In the listing that follows, the range to quote begins at the line that has "sunglasses, pop, art, woman, wow, reaction" and ends after the line that has "FLO ESTER W"; quote it verbatim and add nothing.

------------------------------------------------

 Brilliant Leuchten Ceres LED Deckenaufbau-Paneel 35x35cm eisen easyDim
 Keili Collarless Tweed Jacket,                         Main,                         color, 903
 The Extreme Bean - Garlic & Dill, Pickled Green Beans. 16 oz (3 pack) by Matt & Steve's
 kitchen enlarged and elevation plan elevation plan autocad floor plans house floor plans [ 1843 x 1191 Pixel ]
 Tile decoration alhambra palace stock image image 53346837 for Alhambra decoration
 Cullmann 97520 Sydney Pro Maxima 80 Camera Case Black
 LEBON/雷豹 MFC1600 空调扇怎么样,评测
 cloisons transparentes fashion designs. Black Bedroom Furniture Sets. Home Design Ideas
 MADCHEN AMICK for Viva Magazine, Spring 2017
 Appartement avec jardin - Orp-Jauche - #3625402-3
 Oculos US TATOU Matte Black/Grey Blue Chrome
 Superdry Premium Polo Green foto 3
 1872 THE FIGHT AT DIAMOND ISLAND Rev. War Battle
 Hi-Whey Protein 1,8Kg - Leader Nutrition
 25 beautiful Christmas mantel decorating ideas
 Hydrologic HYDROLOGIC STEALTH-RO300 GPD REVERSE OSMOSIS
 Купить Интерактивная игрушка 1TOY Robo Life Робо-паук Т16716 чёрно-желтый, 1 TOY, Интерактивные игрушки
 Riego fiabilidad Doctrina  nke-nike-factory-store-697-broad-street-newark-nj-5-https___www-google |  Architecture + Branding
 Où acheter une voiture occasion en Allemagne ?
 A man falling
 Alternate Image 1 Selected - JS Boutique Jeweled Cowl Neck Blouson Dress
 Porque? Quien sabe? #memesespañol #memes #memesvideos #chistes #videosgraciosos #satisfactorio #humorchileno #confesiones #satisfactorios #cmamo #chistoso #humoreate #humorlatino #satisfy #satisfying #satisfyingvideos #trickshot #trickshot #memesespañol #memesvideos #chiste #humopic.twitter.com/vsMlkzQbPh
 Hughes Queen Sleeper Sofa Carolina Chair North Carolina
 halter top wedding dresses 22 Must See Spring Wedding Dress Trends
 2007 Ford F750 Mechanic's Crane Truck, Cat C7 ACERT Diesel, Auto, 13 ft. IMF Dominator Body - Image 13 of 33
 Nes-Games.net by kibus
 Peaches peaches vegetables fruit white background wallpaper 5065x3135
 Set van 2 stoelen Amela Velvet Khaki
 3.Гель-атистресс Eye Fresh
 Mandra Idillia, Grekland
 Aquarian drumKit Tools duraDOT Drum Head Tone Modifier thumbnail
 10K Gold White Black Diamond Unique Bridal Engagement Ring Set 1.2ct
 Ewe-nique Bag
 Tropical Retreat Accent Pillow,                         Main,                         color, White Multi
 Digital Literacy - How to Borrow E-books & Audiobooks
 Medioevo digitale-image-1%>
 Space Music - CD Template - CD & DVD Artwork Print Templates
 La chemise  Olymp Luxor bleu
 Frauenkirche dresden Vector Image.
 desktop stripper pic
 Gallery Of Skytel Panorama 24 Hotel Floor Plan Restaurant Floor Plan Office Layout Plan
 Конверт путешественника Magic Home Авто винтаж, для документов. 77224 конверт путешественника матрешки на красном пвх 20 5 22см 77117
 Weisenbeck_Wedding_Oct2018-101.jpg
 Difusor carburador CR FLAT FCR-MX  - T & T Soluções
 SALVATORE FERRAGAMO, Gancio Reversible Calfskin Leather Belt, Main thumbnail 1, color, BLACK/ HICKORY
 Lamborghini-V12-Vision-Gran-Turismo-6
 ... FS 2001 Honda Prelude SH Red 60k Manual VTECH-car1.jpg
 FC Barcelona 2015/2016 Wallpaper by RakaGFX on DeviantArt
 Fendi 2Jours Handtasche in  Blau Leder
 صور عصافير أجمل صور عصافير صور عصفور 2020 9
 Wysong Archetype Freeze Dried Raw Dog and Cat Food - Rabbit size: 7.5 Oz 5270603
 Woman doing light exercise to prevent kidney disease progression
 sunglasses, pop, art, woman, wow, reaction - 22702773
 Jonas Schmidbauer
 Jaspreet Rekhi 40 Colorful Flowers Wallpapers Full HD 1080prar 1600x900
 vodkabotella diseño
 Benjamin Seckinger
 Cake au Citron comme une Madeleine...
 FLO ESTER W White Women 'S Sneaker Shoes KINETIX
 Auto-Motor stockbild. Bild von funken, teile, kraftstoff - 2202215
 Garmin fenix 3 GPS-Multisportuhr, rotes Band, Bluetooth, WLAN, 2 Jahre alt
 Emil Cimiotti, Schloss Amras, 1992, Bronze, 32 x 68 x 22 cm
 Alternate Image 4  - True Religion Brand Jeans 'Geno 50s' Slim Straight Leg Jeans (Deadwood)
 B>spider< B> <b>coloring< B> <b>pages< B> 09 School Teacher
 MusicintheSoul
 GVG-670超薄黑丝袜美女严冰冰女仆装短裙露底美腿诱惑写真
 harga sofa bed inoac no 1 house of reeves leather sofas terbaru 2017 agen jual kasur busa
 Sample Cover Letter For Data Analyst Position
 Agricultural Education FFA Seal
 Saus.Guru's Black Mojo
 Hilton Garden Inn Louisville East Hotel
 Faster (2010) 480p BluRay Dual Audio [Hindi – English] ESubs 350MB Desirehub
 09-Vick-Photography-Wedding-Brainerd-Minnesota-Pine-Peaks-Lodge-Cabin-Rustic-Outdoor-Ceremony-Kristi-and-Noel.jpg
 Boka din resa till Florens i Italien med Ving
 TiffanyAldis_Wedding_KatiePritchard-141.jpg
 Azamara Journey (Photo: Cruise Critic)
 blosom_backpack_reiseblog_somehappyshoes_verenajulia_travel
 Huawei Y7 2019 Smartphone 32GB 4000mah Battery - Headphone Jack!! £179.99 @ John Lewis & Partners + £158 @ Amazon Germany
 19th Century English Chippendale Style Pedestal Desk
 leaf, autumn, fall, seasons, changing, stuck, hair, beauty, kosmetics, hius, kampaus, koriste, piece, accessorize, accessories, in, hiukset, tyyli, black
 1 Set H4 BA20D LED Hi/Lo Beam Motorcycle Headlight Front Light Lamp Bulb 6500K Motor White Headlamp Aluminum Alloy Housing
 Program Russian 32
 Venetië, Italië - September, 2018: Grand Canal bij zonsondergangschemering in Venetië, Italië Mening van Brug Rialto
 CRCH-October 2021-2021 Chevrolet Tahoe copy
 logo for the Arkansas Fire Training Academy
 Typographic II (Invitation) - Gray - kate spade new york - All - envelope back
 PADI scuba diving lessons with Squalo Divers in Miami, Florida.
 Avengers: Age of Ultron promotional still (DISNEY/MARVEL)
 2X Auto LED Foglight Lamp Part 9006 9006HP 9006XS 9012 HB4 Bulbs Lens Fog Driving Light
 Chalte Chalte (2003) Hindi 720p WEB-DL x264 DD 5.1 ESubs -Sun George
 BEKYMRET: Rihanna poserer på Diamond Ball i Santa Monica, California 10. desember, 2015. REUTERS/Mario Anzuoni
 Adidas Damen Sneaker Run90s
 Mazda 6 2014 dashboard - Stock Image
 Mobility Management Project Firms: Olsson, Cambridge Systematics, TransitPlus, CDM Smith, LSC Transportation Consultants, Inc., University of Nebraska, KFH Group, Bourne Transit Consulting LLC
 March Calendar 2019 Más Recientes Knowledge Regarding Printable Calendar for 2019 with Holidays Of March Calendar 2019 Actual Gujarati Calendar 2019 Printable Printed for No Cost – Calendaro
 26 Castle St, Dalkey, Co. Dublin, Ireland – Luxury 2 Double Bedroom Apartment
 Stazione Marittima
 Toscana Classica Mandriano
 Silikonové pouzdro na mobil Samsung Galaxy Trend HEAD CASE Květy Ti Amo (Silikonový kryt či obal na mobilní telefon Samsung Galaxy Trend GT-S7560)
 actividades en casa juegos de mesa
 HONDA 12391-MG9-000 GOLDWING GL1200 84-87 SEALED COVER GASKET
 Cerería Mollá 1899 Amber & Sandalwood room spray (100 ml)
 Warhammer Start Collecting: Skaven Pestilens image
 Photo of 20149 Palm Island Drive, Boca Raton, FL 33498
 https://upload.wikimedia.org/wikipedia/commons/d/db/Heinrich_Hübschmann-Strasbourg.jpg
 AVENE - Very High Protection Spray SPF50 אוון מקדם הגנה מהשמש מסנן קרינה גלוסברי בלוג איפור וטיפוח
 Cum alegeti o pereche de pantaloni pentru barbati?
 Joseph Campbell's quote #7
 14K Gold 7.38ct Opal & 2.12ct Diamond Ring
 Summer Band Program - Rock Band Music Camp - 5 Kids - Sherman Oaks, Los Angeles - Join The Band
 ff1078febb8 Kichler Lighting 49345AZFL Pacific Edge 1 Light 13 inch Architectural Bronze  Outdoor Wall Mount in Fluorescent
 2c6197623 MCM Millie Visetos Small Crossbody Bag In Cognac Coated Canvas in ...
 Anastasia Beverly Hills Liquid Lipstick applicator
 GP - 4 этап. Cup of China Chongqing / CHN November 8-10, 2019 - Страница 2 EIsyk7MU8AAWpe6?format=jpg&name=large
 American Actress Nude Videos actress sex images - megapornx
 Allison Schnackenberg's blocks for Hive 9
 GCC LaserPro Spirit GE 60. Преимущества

------------------------------------------------

— RESULT —
 sunglasses, pop, art, woman, wow, reaction - 22702773
 Jonas Schmidbauer
 Jaspreet Rekhi 40 Colorful Flowers Wallpapers Full HD 1080prar 1600x900
 vodkabotella diseño
 Benjamin Seckinger
 Cake au Citron comme une Madeleine...
 FLO ESTER W White Women 'S Sneaker Shoes KINETIX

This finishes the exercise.